In statistical modelling, data are frequently deficient in a variety of ways. One major deficiency arises
when certain observations are completely unavailable. Another deficiency commonly encountered in
practice, especially with survival data, is the data sample’s being length-biased, meaning that the
probability of selecting an observation from the population is proportional to the time from the initiation
event to the failure event. The main interests of this project are to combine quantile regression (QR)
analysis with the above mentioned forms of deficient data. These topics are not well-developed in the
existing literature.
In spite of the arsenal of tools that are available for mitigating the effects of missing data, the
preponderance of these tools emphasizes conditional mean estimation. In contrast, few studies have
examined the case when the goal is to estimate conditional quantiles. This is unfortunate because QR is
now an indispensable tool for statistical research. Remarkably, the handful of methods available for
handling missing data in QR all have the common weakness of being incapable of treating unobserved
response and covariates simultaneously.
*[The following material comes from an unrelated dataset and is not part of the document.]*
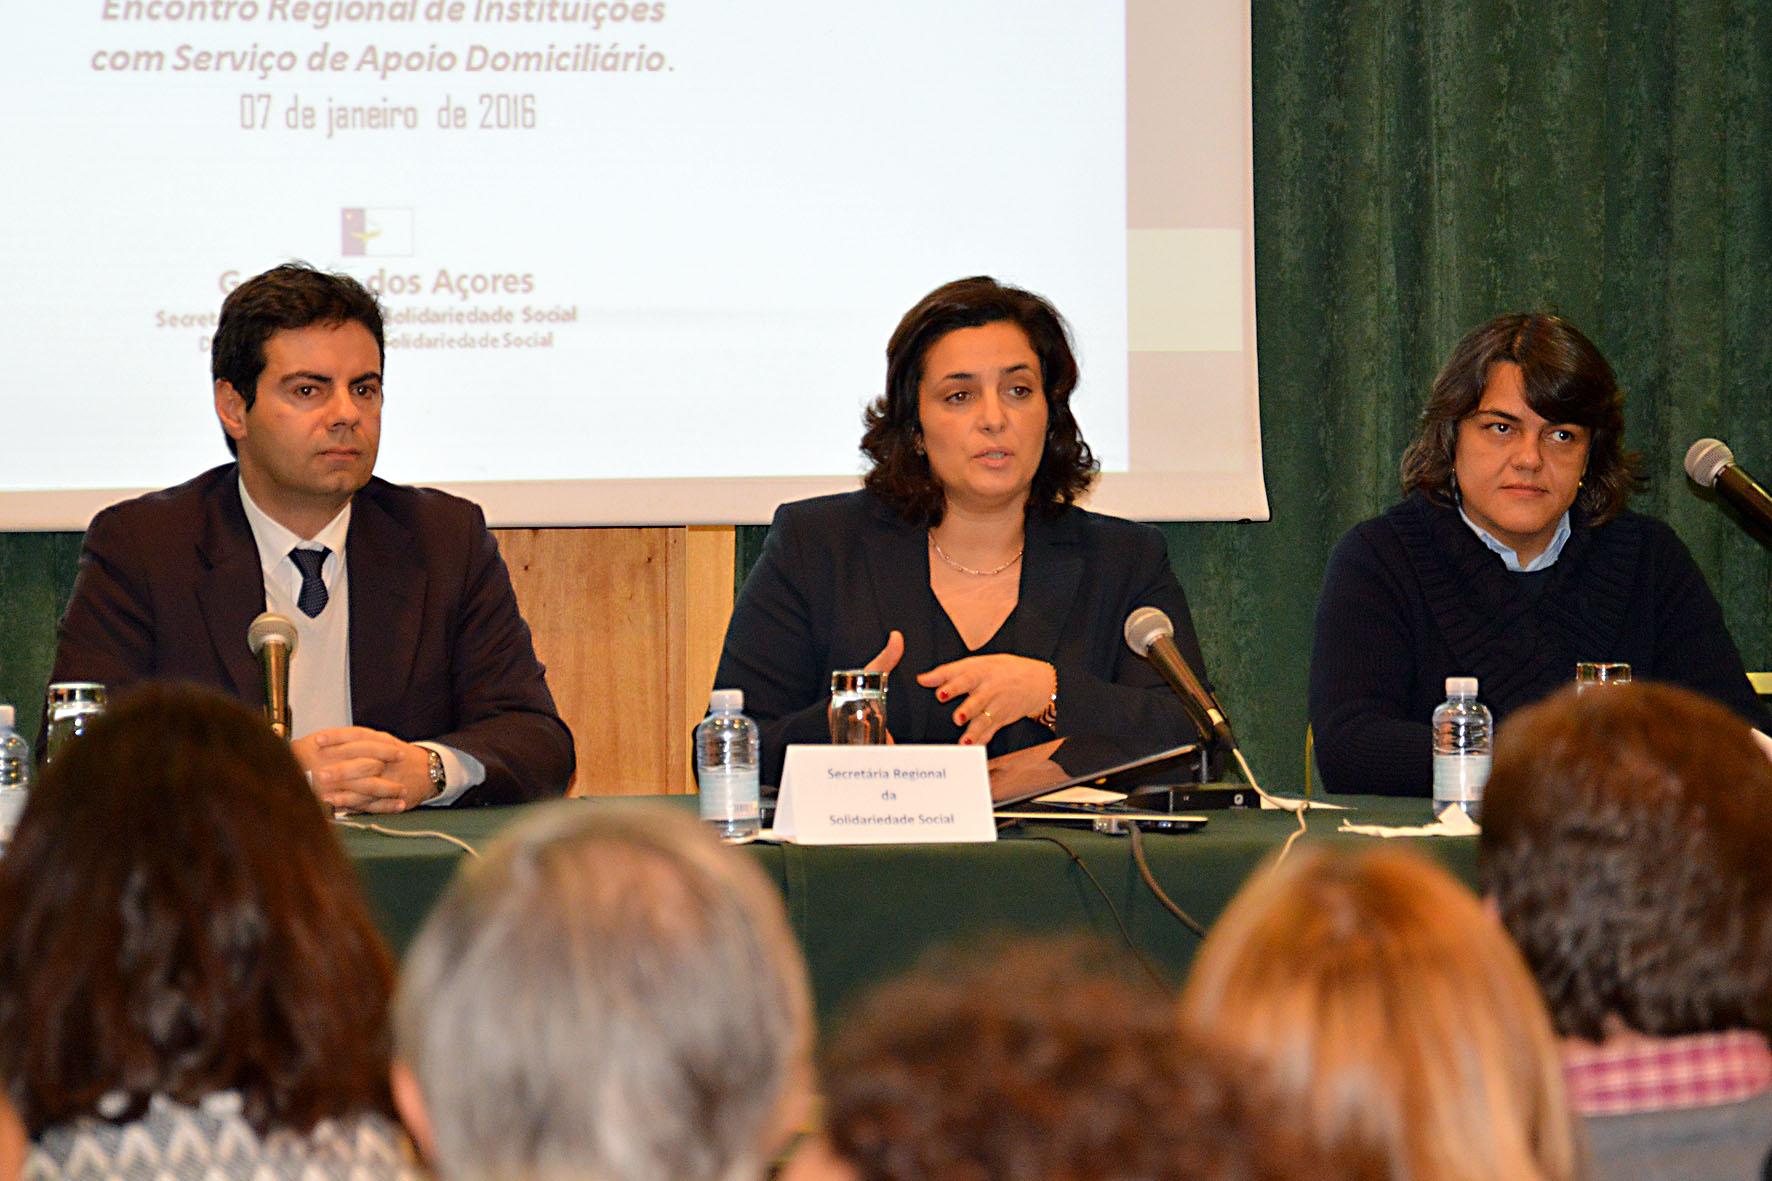 Governo dos Açores considera fundamental apoiar o cuidador informal, afirma Andreia Cardoso

The majority of these methods also rely on the strong
assumption of identically distributed errors, and many of them do not have sound theoretical
underpinnings. Obviously, these shortcomings represent severe limitations of the methods’ usefulness. A
key reason for the absence of a “quantile counterpart” to the many techniques developed for conditional
mean modeling with missing data is that QRs are based on non-smooth criterion functions. This latter
feature poses significant technical challenges when one attempts to establish optimality properties of the
methods in the quantile setting.
The proposed study considers as a primary focus three methods for handling missing data in a QR setting.
These include the inverse probability weighting (IPW) method, estimating equation projection (EEP)
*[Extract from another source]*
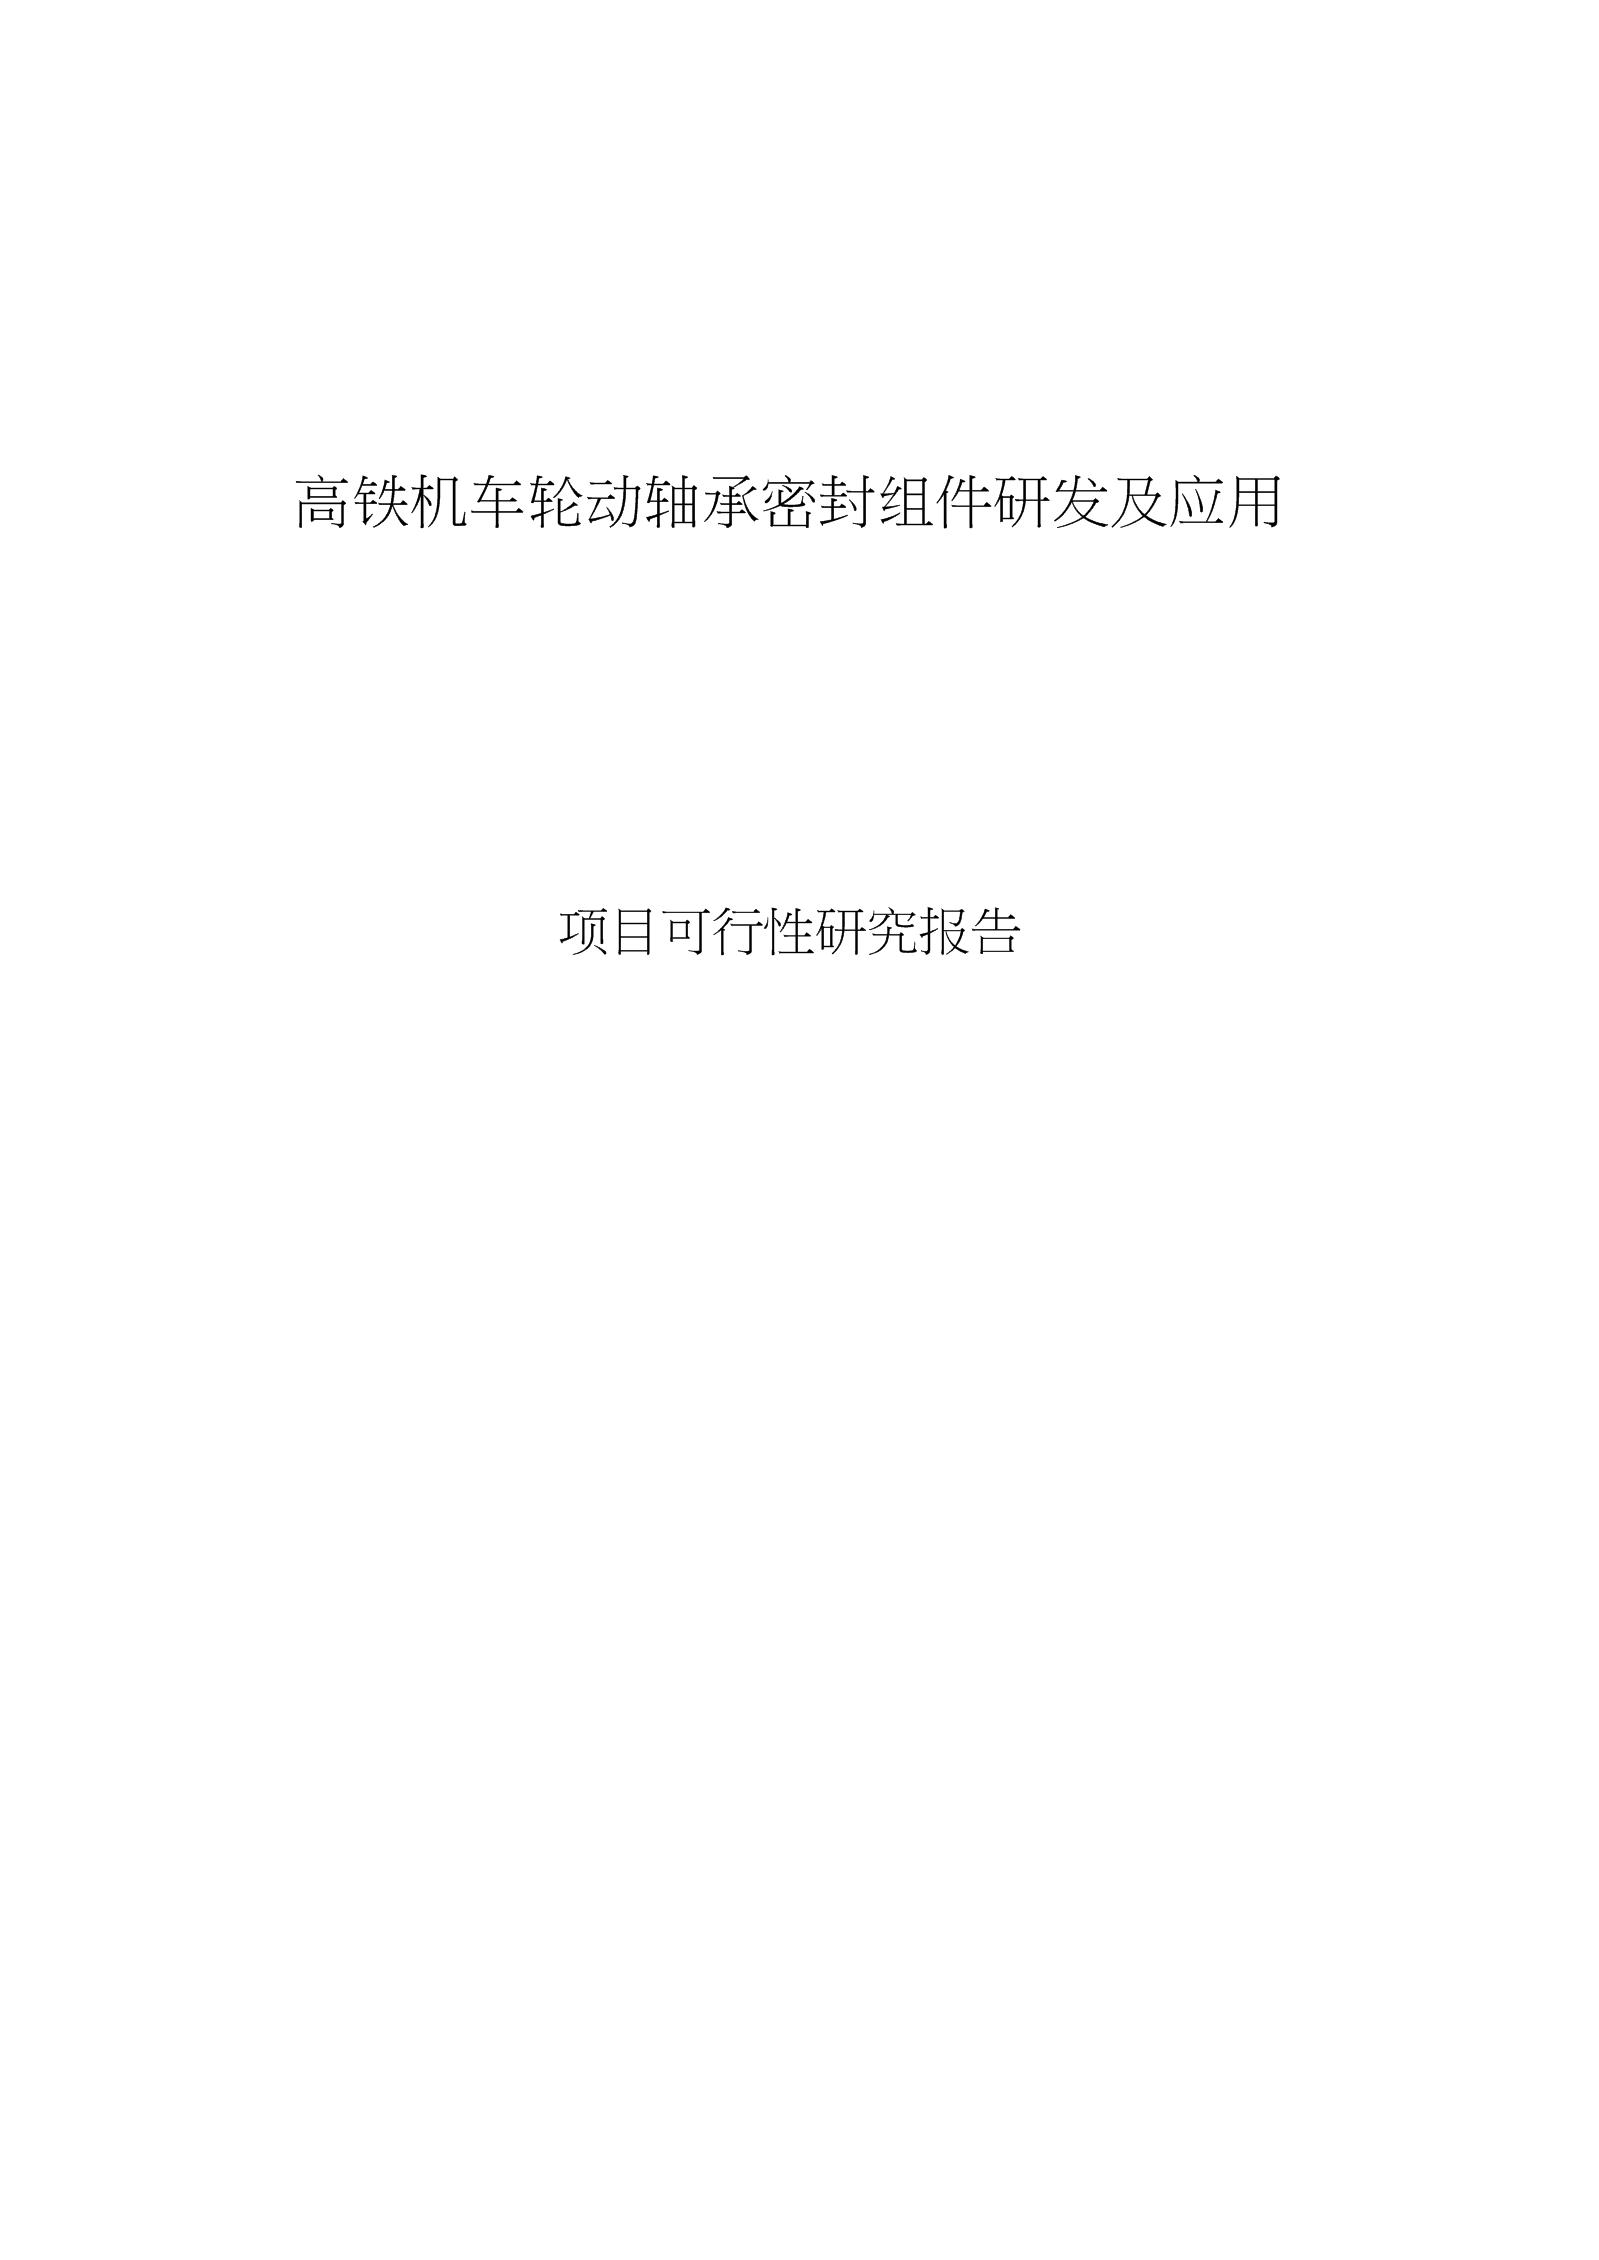 高铁机车轮动轴承密封组件研发项目可行性报告.docx

method and a combination of both. Some of these approaches have been developed for conditional mean
modelling only very recently and it is by no means trivial to extend them to QR contexts due to the
aforementioned technical challenges. We have spent considerable time and efforts exploring these
technical issues and found that they may be overcome using techniques that draw on results of empirical
process. Moreover, our proposed methods can handle missing data in the response and/or the covariates,
and they possess optimal properties even under non-identical error terms. We think these results
represent fairly significant advances and decide to apply for funding to complete the work. There is also a
need to develop a resampling method for obtaining the asymptotic variances of estimators. The requested
amount is mainly for the recruitment of a research assistant to carry out simulation and real data analysis.
The second focus area of this study is on the treatment of length-biased data in QR modelling. The studies
on modelling conditional quantiles of survival times have proliferated in recent years, but few studies
consider data length-biasedness in conjunction and those that do all assume a linear functional relationship
between the survival time and covariates. We propose to use a varying-coefficient QR approach. One
important strength of our approach, besides the usual flexibility offered by the varying coefficients, is that
we need not assume the censoring variable being distributed independently of the covariates or failure
times. We have already worked out some of the key theoretical properties of the method but have yet to
complete the numerical analysis. We combine this second topic with the first on missing data in one single
project because they two constitute a cohesive group in that we can derive the properties of the QR
estimators using similar analytic and computational techniques.